The Public Finance Review finds that despite progress since the 2017 democratic transition, including average annual GDP growth of 5%, fiscal vulnerabilities remain. Tax revenue averaged just 10.3% of GDP from 2017 to 2024, below the 15% benchmark needed to support basic government functions, while fiscal deficits averaged 4.5% of GDP. Public debt, though declining, is still high at about 76.4% of GDP in 2025, leaving the country at high risk of debt distress.

The review estimates that closing gaps across key tax instruments could unlock 3-4% of GDP in revenue, creating fiscal space for infrastructure, services, and jobs.

The review also recommends stronger public investment management, clearing domestic arrears, and bringing off-budget donor projects into national systems. It calls for replacing broad subsidies with targeted support for vulnerable groups. Wage bill reforms in hiring, allowances, and payroll modernization could save 2.6% of GDP between 2025 and 2029 for investment in infrastructure, social services, and jobs.

“The Gambia has demonstrated that it can reform and grow at the same time. The PFR shows that the fiscal space needed to invest in infrastructure, services, and people is within reach, if the country can accelerate reforms to enhance domestic revenue mobilization and public spending efficiency,” said Ephrem Niyongabo, World Bank Group Economist and Task Team Lead for the report.

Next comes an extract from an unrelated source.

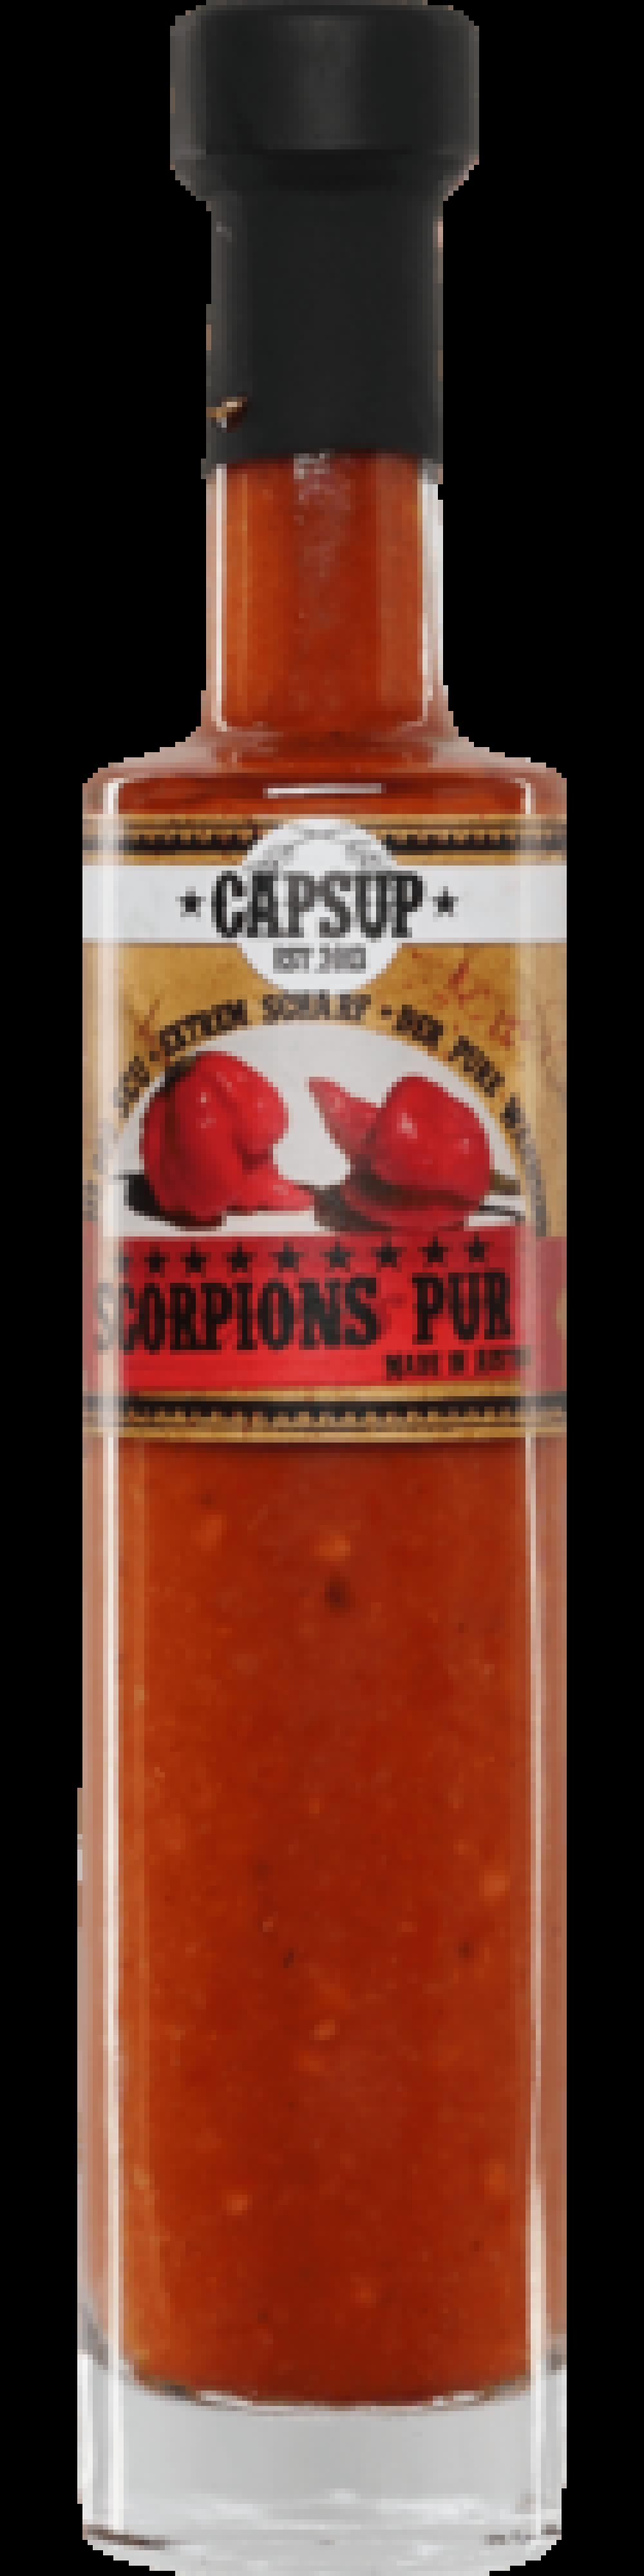 Scorpions Pur 100ml

The two reports point to a coherent reform agenda centered on three priorities: broadening the tax base and digitizing revenue administration to unlock the fiscal space The Gambia needs; replacing generalized subsidies with targeted transfers to protect the most vulnerable while reducing fiscal pressures; and fully operationalizing the 2023 State-Owned Enterprises Act to improve transparency and reduce fiscal risks.